The political Islamist danger will escalate a thousandfold if Iran, the epicentre of political Islam and Hezbollah's master, achieves its own invulnerability with nuclear weapons so that it, too, can wage its own rocket and other attacks against its many targets, starting with Israel, which Iran's President Mahmoud Ahmadinejad has just reiterated must be annihilated and about which its former president and powerbroker Hashemi Rafsanjani spoke candidly in 2001.

"The use of even one nuclear bomb inside Israel will destroy everything," Rafsanjani said, whereas it would merely harm the Islamic world. "It is not irrational to contemplate such an eventuality."

Whatever the battlefield results, this conflict's enduring effect will be Israel's extreme vulnerability: with simple and cheap rockets, and terrorists aspiring to martyrdom, its enemies can paralyse virtually all of the geographically tiny country. Downtown Tel Aviv is a mere 20km from the West Bank. Israel's political Islamic enemies understand and rejoice over the new geostrategic situation.

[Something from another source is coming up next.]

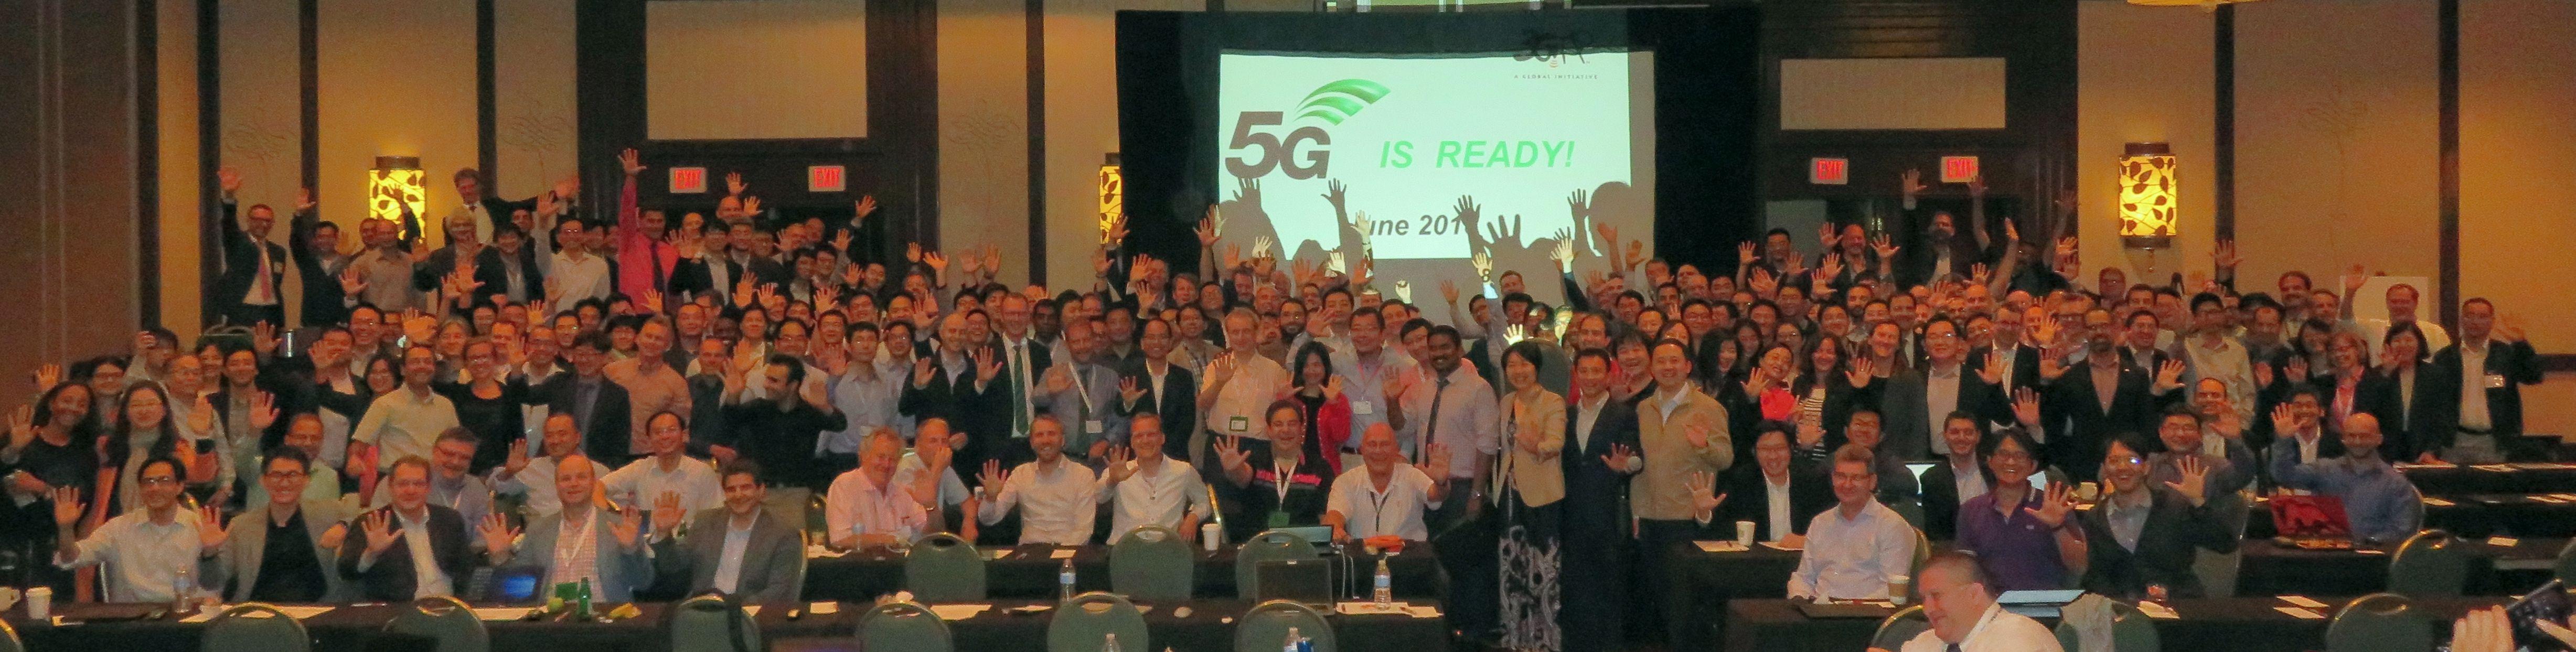 Group photo from last week's 5G meeting in La Jolla, Calif.

The destruction of Israel, which apparently seemed a remote goal worth the long struggle, appears to them to be within their grasp. And the prospect that they would settle for a final peace with Israel correspondingly recedes.

These totalitarians' ultimate targets - all infidels, especially in the US and in Europe - should study the new geostrategic situation as well, be sobered and realise that Israel, in fighting this war in self-defence to re-establish a geostrategic balance and for its long-term survival, has been ultimately fighting for them as well.

Daniel Jonah Goldhagen, an affiliate of Harvard's Centre for European Studies and the author of Hitler's Willing Executioners: Ordinary Germans and the Holocaust, is completing a book on genocide in our time.